Neuroscience

'Mini-brains' developed at Johns Hopkins could reshape brain research, drug testing

Structures derived from human neurons and other cells could allow for better research, reduce animal testing

Magnified photo of a ball of brain cells

Image caption: Researcher Thomas Hartung believes that tiny mini-brains like this one represent “the future of brain research…less reliance on animals, more reliance on human cell-based models.”

Credit: Thomas Hartung/Johns Hopkins

Researchers at the Johns Hopkins Bloomberg School of Public Health have grown tiny, barely visible "mini-brains," balls of human neurons and other cells that mimic some of the brain's structures and functionality. The development of the mini-brains could dramatically change brain research and drug testing, replacing hundreds of thousands of animals used now in neurology labs.

Performing research using these three-dimensional mini-brains—which grow and form brain-like structures on their own over the course of eight weeks—should be superior to studying mice and rats because they are derived from human cells instead of rodents, researchers say. The findings will be presented at the American Association for the Advancement of Science conference in Washington, D.C., this weekend.

"Ninety-five percent of drugs that look promising when tested in animal models fail once they are tested in humans at great expense of time and money," says study leader Thomas Hartung, professor of environmental health sciences at the Bloomberg School. "While rodent models have been useful, we are not 150-pound rats.
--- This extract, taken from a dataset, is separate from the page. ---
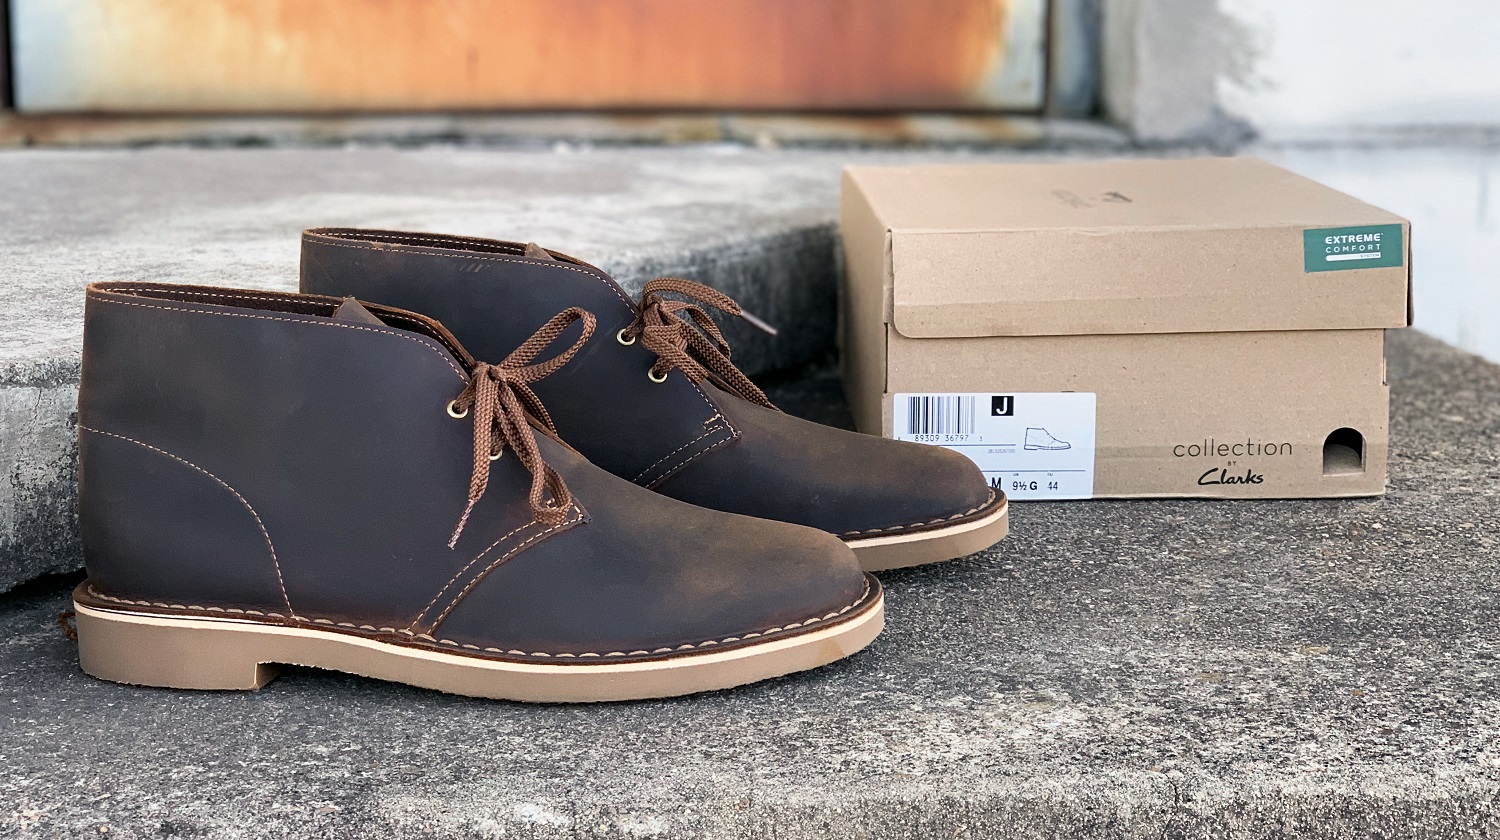 Enviar casual máquina Steal Alert: The new Clarks Bushacre 3 for under $40

And even though we are not balls of cells either, you can often get much better information from these balls of cells than from rodents.

"We believe that the future of brain research will include less reliance on animals, more reliance on human cell-based models."

Hartung and his colleagues created the mini-brains using what are known as induced pluripotent stem cells, or iPSCs—adult cells genetically reprogrammed to an embryonic stem cell-like state and then stimulated to grow into brain cells. Cells from the skin of several healthy adults were used to create the mini-brains, but Hartung says that cells from people with certain genetic traits or certain diseases can be used to create mini-brains to study various types of pharmaceuticals. He says the mini-brains can be used to study Alzheimer's disease, Parkinson's disease, multiple sclerosis, and even autism. Projects to study viral infections, trauma, and stroke have been started.

Hartung's mini-brains are very small—at 350 micrometers in diameter, they are about the size of the eye of a housefly and are just visible to the human eye—and hundreds to thousands of exact copies can be produced in each batch. One hundred of them can grow easily in the same petri dish in the lab. After about two months, the mini-brains developed four types of neurons and two types of support cells. They even showed spontaneous electrophysiological activity, which could be recorded with electrodes, similar to an electroencephalogram, or EEG. To test them, researchers placed a mini-brain on an array of electrodes and listened to the spontaneous electrical communication of the neurons as test drugs were added.

Hartung is applying for a patent and is also developing a commercial entity to produce mini-brains, perhaps starting this year. He says they are easily reproducible and hopes to see them in as many labs as possible.

"We don't have the first brain model, nor are we claiming to have the best one," says Hartung, who also directs the School's Center for Alternatives to Animal Testing. "But this is the most standardized one. And when testing drugs, it is imperative that the cells being studied are as similar as possible to ensure the most comparable and accurate results."